Reason for uloops: Independent/asynchronous decisions. Loops are temporary! Duration can be much longer than IPFRR time though. Duration driven by relative time to update FIBs (i.e., degree of asynchrony). No way to guarantee two routers will take similar length of time to update FIBs (from one router's PoV the network change may cause just a few routes to change -> fast download, from another PoV many routes may change -> slow download).

Solution: Controlled convergence. Inevitably makes convergence slower, but this is OK because IPFRR repair covers failure allowing leisurely convergence. But: still want to keep traditional method as fallback in case of multiple failures.

Solution taxonomy:
- Controlled information flow (incremental cost change)
- Controlled distributed behavior (synchronized FIB installation, ordered FIB changes, path locking)
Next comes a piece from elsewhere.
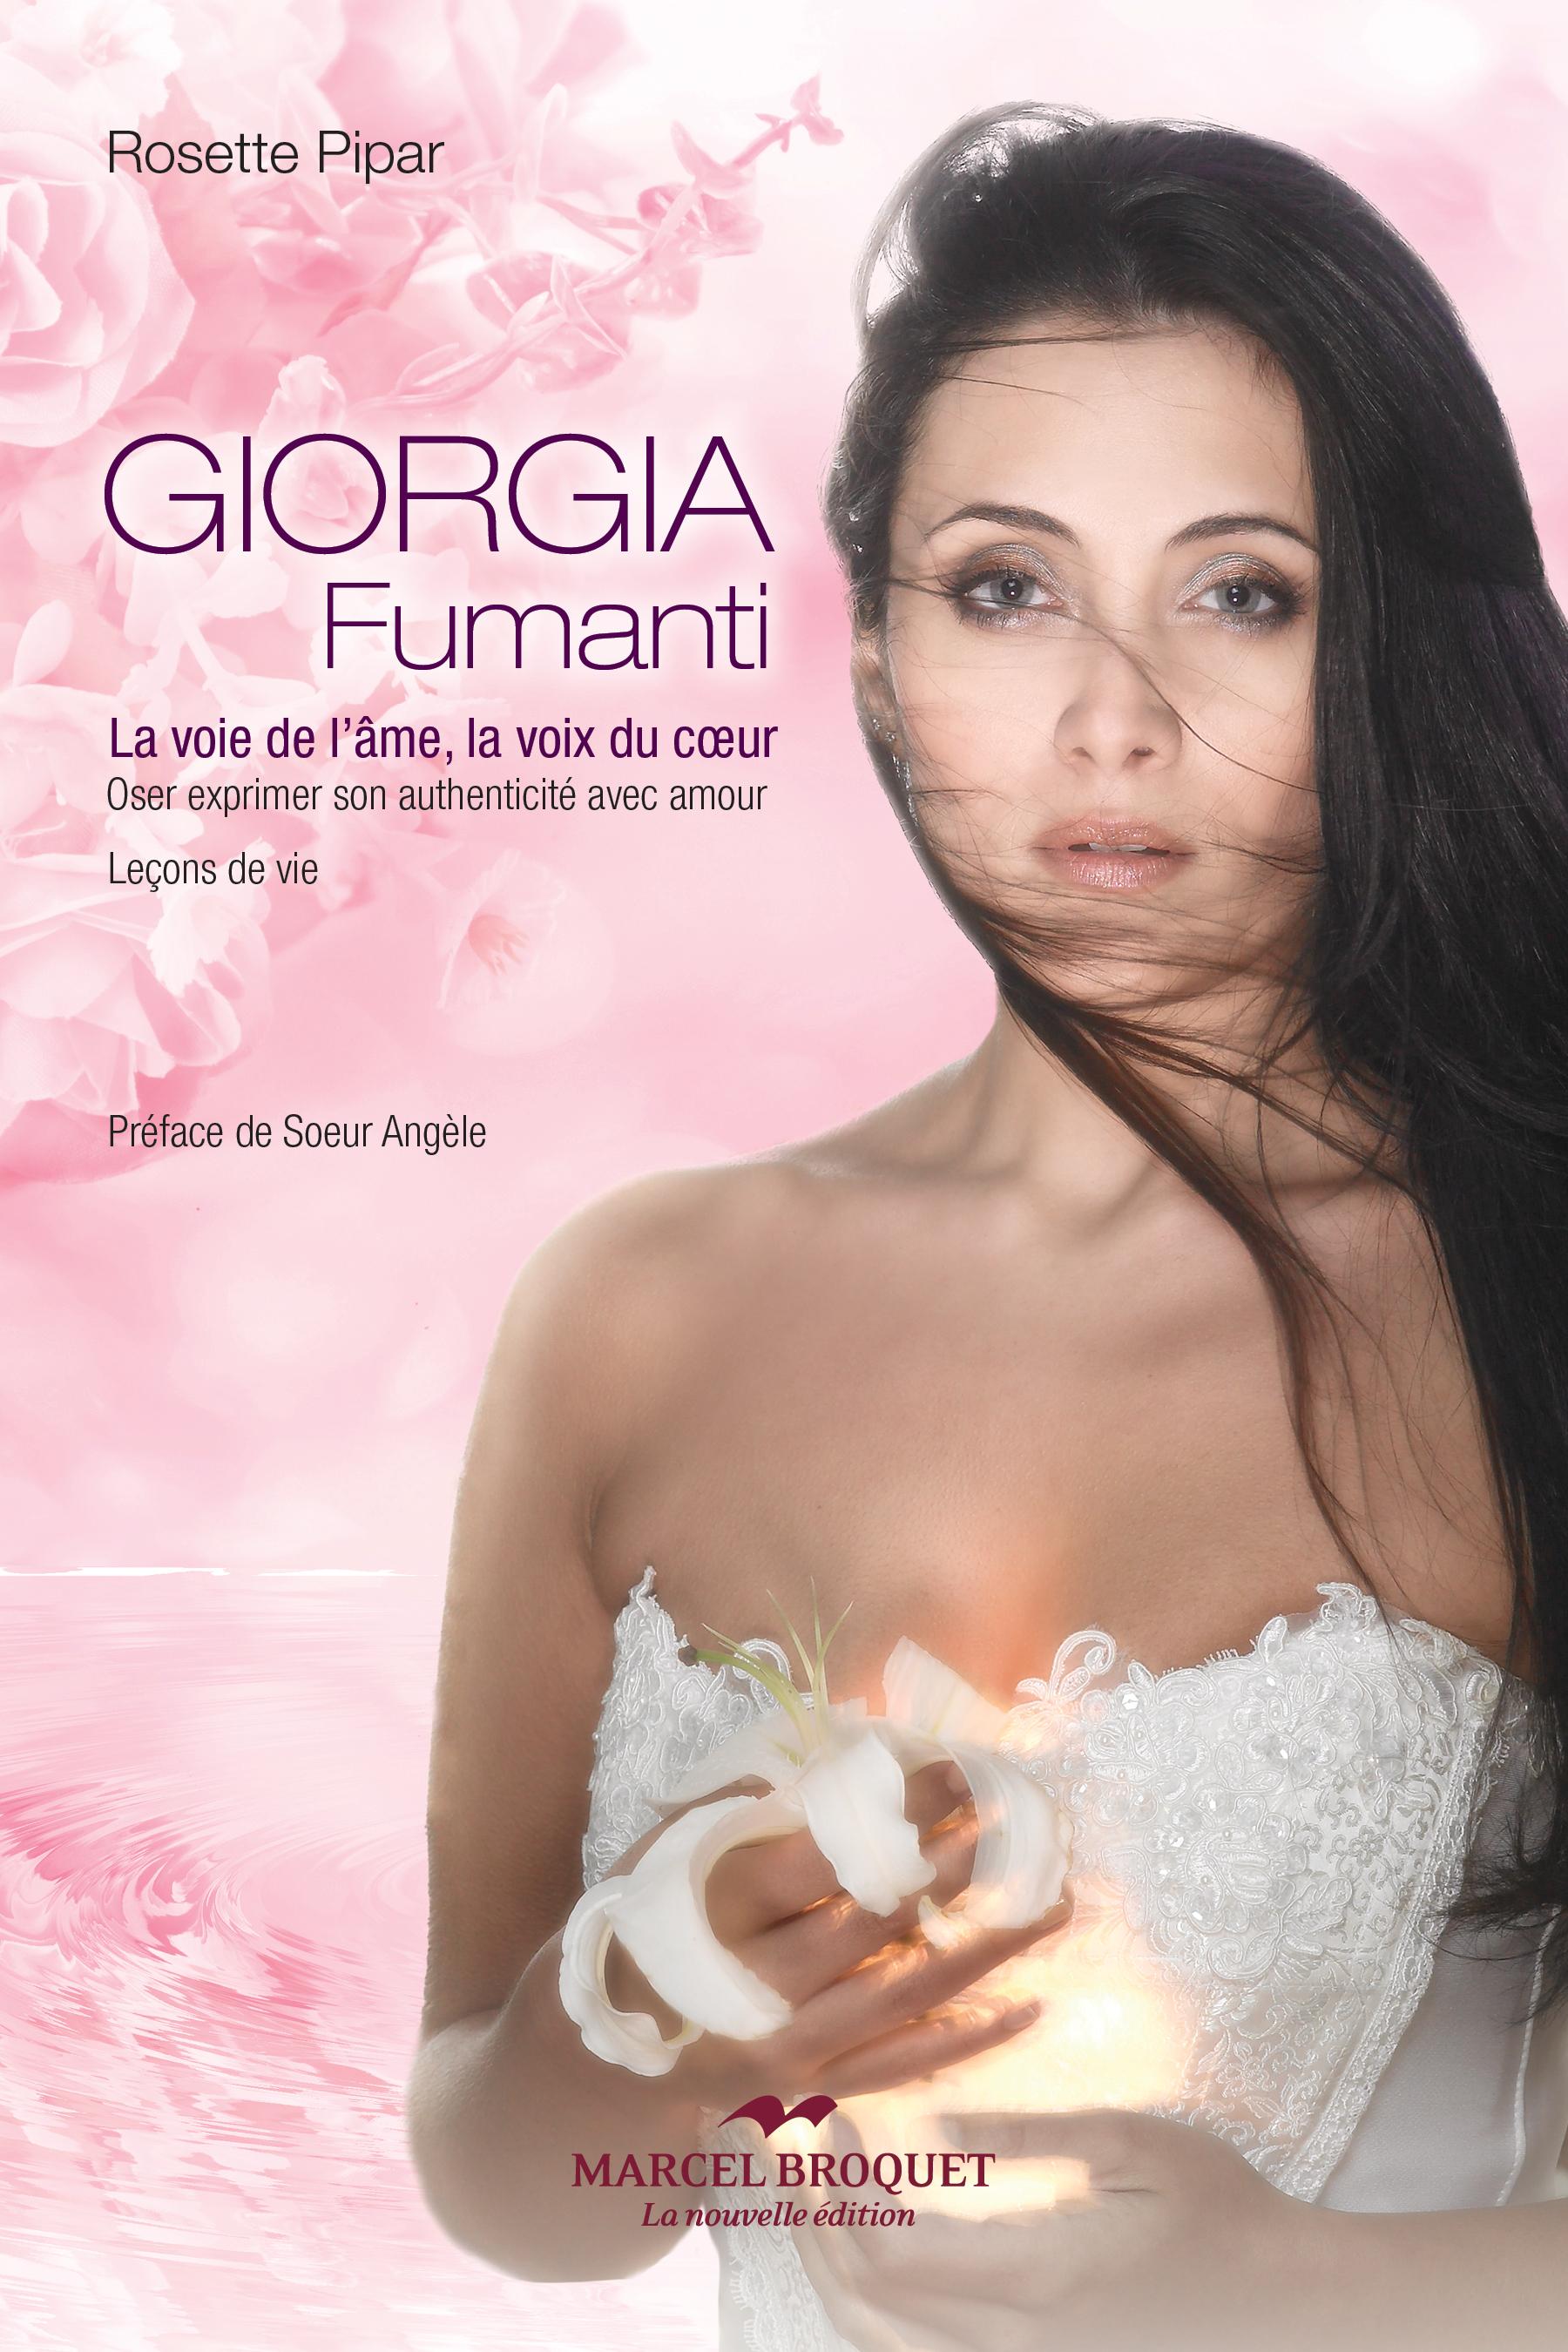 Giorgia Fumanti

(See slides for full comparison matrix, highlights follow)
- Incremental cost change -- can take hours
- Synchronized FIB install -- seems simple, but isn't, and dependency on NTP
- ordered spf's. no changes in forwarding plane. doesn't deal with SRLG (only single failure is supported). Need to extend algo to a per-destination base. Long delays if large network diameter. Worst case can be pretty long...
- path locking. cons: complete coverage requires additional forwarding mechanisms. pros: small delay in rib/fib installation.
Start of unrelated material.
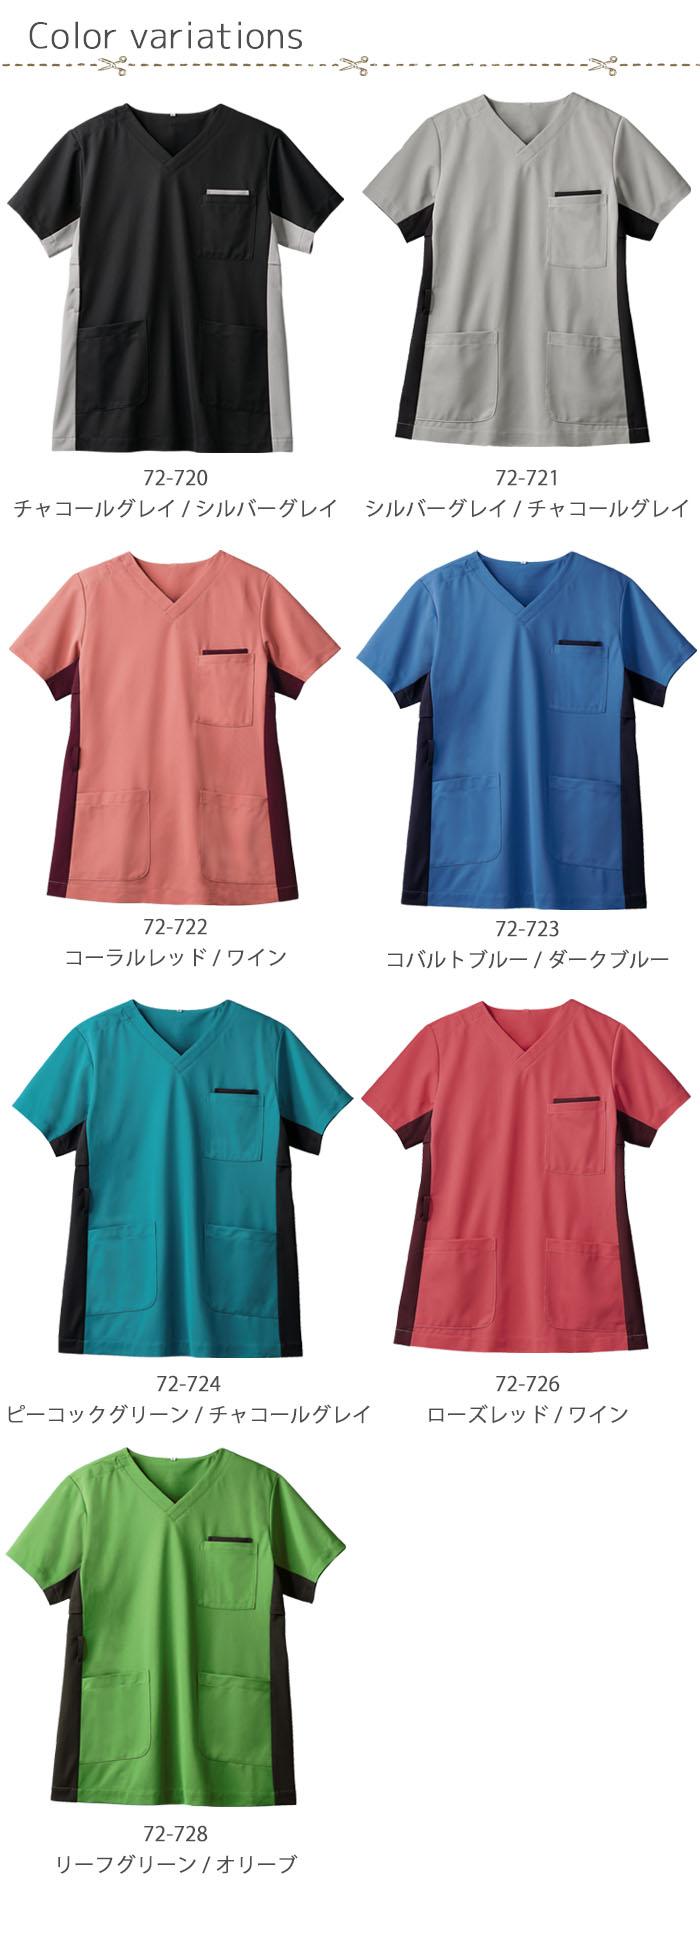 72-720 7色の半袖スクラブ 色展開画像
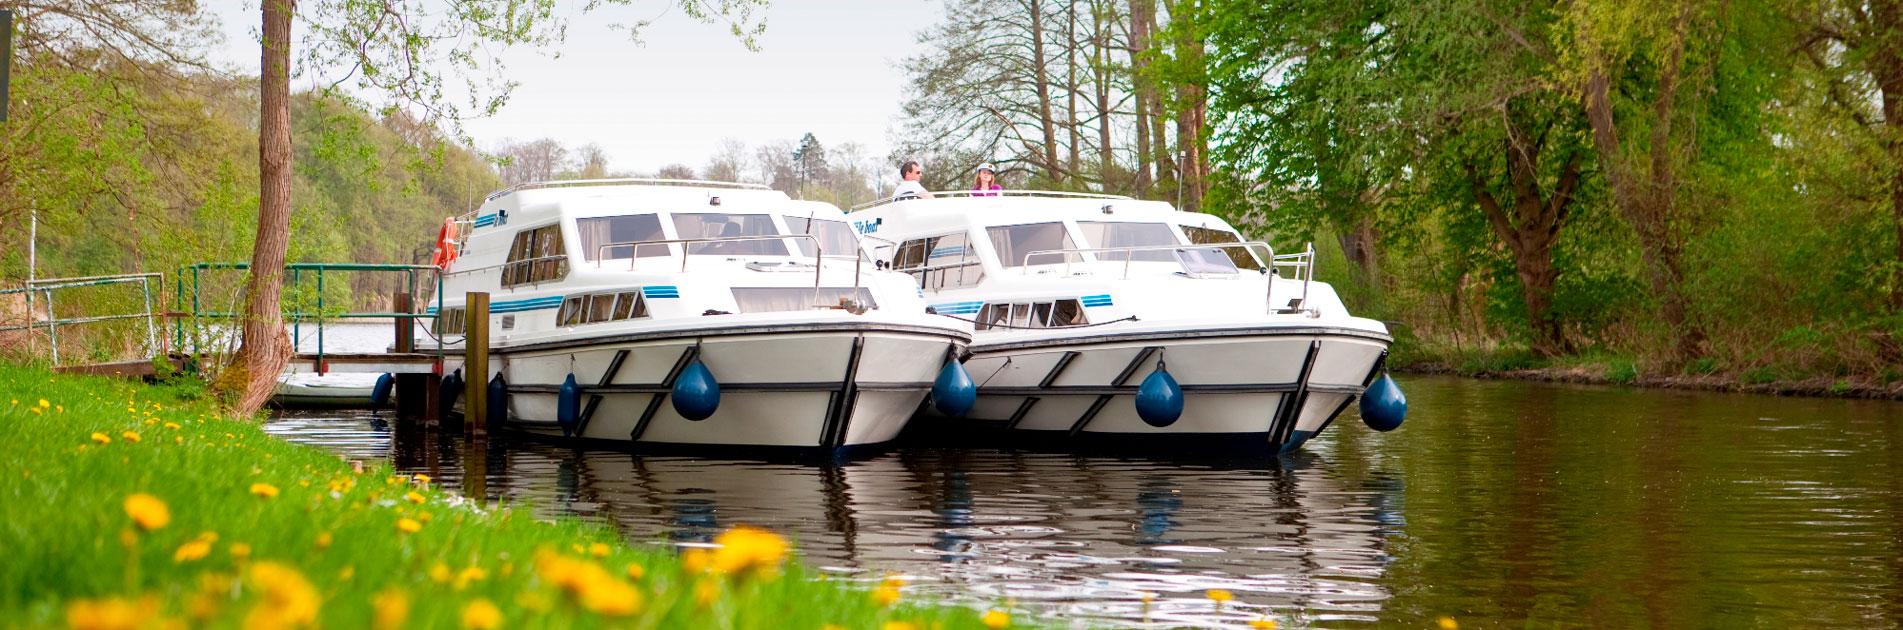 Flodbåde i Mecklenburg

Detailed description of the above four methods

Ordering by signalling
Alex: Is node failure a SRLG case?
Mike, Alia: No. Node failure can be handled by any of these techniques.

Ordering by delay
"Lollipop topology" (for example) can make delay-ordered SPF slower than needed (known techniques are more pessimistic than needed).

Can combine delay and signalling (optimization of delay-based version, point is that signalling doesn't need to be reliable since delay backs it up)

Backwards compatibility is a problem.

Alex: how much is it really a problem? Can't you just announce the capability in your IGP and only start using the method when all routers support it?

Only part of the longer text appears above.